Тот день я запомню навсегда. Да и как его забыть? В Париже стояла прекрасная погода. Может быть, именно поэтому мы и расстались.
Пасмурное небо стало голубым, ярко светило солнце, резкий освежающий ветер бил в лицо.
Я позвонила сестре, и мы договорились встретиться в кафе. Мне хотелось съесть огромную порцию мороженого на террасе.
— Как, ты уходишь? — изумленно спросил Николя.
— У меня встреча с сестрой… Мне хочется прогуляться в кои-то веки! Я уже восемь месяцев не пила кофе в кафе.
— Но я же тебе сказал, что сегодня встречаюсь с Энтони!
Энтони и в самом деле вскоре объявился. Он снял мотоциклетный шлем и поднял на руки малышку, которая тут же завопила. Я поспешно забрала ее, и он заметил:
— Она еще не очень хорошо держит головку, да?
Я ответила, чтобы он не лез куда не просят, и ушла сменить Леа памперс. Потом, когда дочь снова задремала, я передала ее Николя:
— Пока, я ухожу.
— Да, ты уже говорила.
— Ты чем-то недоволен?
— Да, я недоволен. Как я смогу одновременно заниматься ребенком и общаться с Тони?
— Я думала, Энтони хотел посмотреть на малышку.
— Да, — ответил Энтони, — она потрясающая! А теперь, когда я ее увидел, может, мы пойдем?
Я бросила на него уничижительный взгляд:
— Что ж, как хотите, но я тоже ухожу.
— Ах, так! — сказал Николя уже агрессивно.
— Ты хочешь, чтобы я приготовила бутылочки? — спросила я, помещая стерилизатор в микроволновку, затем налила в него воды, сполоснула бутылочки и положила в воду.
— Ты даже не смотришь, что ты делаешь! — воскликнул Николя. — Ты льешь воду не глядя!
— Можешь на меня положиться — я занимаюсь этим с утра до ночи.
— Прекрати! Ты прекрасно видишь, что творишь черт знает что!
— Ну, это уж слишком! Я ее мать, и я знаю, что мне делать! — Леа снова заревела. — Ты ведь хочешь, чтобы я осталась! Ну, так и скажи!
— Нет, я хочу, чтобы ты ушла.
Я натянула куртку, выбежала и, дойдя до автобусной остановки, позвонила ему на мобильный:
— Я тебе запрещаю унижать меня в присутствии твоих друзей!
— А ты не видишь, насколько сама смешна, когда пытаешься вступить в состязание с Энтони? Ты ревнуешь даже к моим друзьям!
— А ты не интересуешься никем, кроме своих друзей! Или хорошеньких нянек…
— О, как патетично!
И он положил трубку.
Обезумев от ярости, я вернулась, взлетела наверх, перескакивая через три ступеньки.
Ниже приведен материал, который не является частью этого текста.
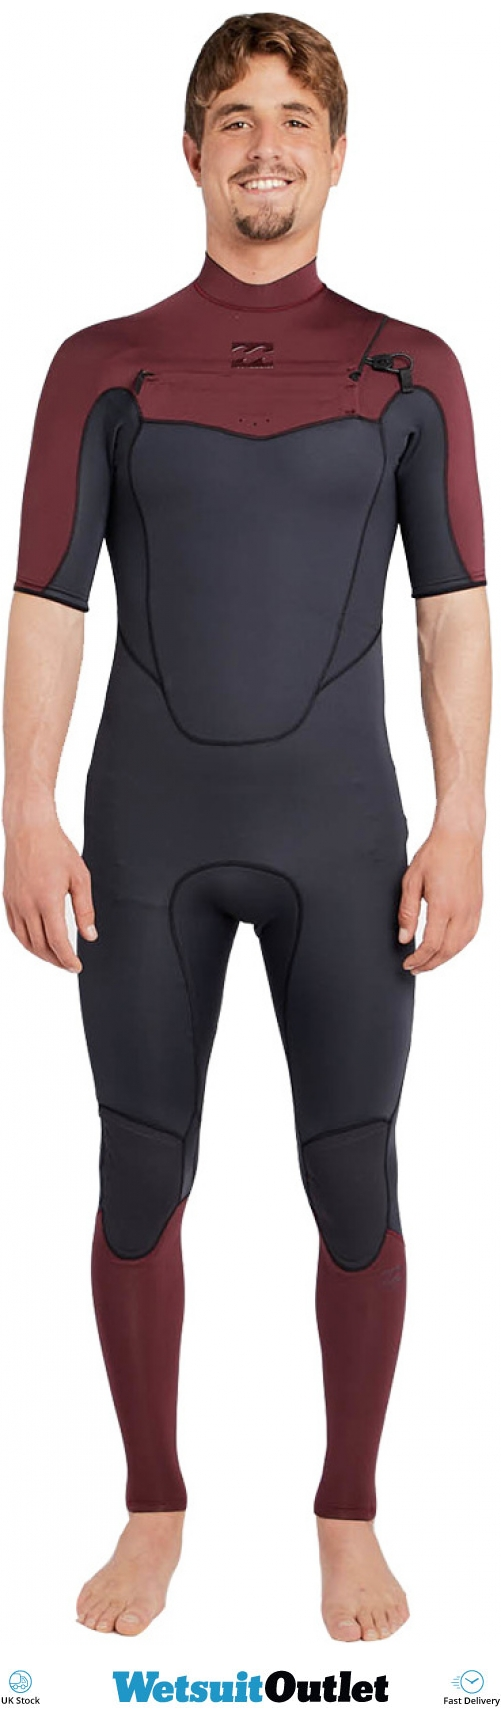 36cc27f6e4 2018 Billabong Absolute 2mm Chest Zip Short Sleeve Wetsuit Biking Red  H42m25 - Wetsuits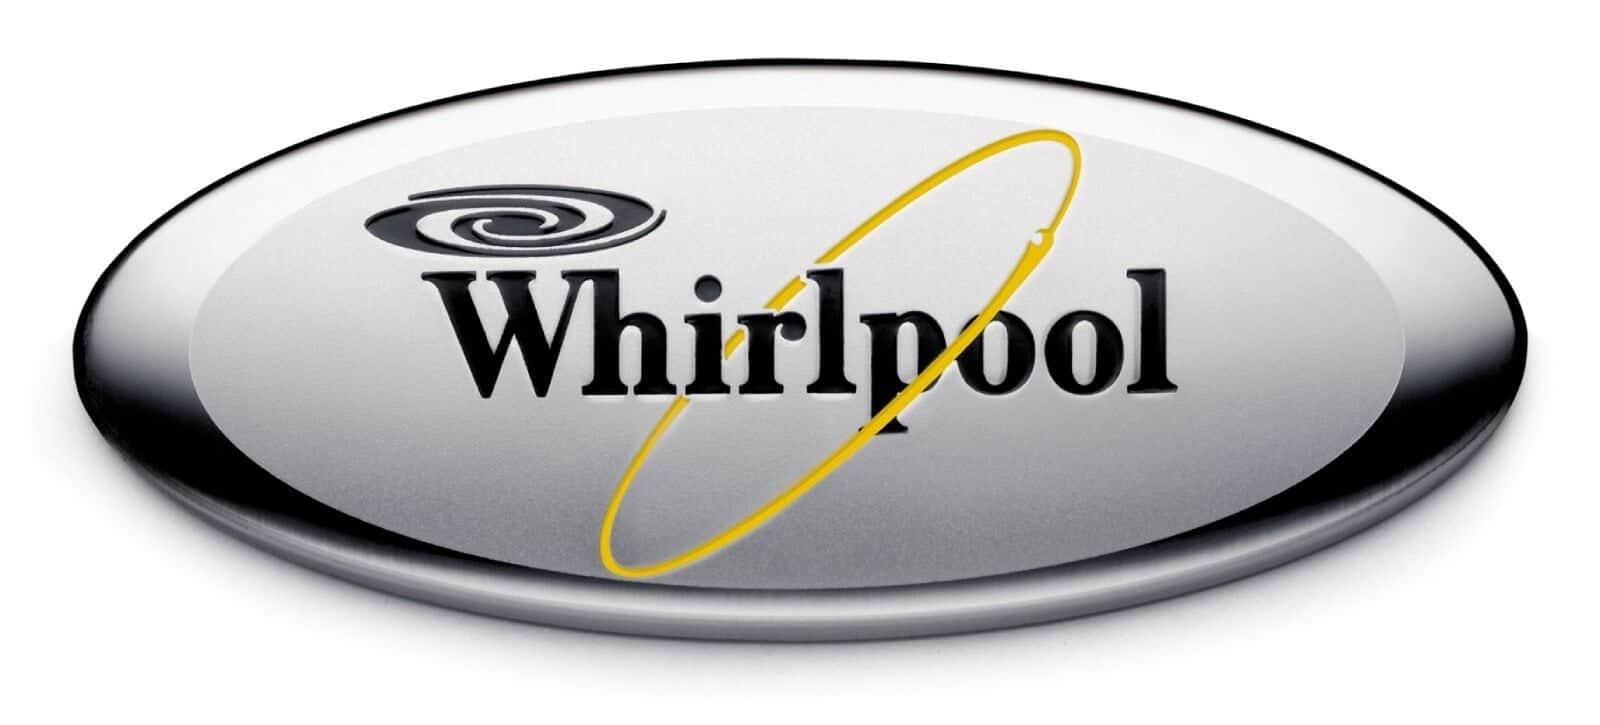 whirlpool AC-Repair in Dubai

— Я передумала, — заявила я.
— Прекрасно, я ухожу.
— Я тебе запрещаю!
— Пошли, Тони.
— Если ты уйдешь, я заберу ребенка и никогда больше не вернусь!
— Если ты ее увезешь, я пойду в полицию и напишу заявление о похищении.
— Ты сам меня вынудил!
Он ушел. Я закутала Леа, наспех побросала в сумку вещи и тоже ушла.
Я села в такси, вся кипя от гнева, и попыталась проанализировать ситуацию. Из автора диссертации по философии я превратилась в домохозяйку. Из домохозяйки — в бомжа. Куда уж падать ниже…
Сестра открыла мне дверь и очень удивилась при виде ребенка и чемодана с вещами. Я спросила, не могу ли я остаться у нее на несколько дней. Оказалось, что как раз сейчас это возможно — муж и дети гостили у его родителей. Наша мать, воспользовавшись случаем, приехала навестить Катю.
Итак, я снова оказалась с матерью и сестрой, как в старые добрые времена, когда ни у одной из нас не было мужчины. Мать вышла из кухни, слегка растрепанная, в розовом фартуке, с сильно подкрашенными глазами, и обняла меня как ни в чем не бывало, словно не было ничего удивительного в том, что я здесь с ребенком и вещами.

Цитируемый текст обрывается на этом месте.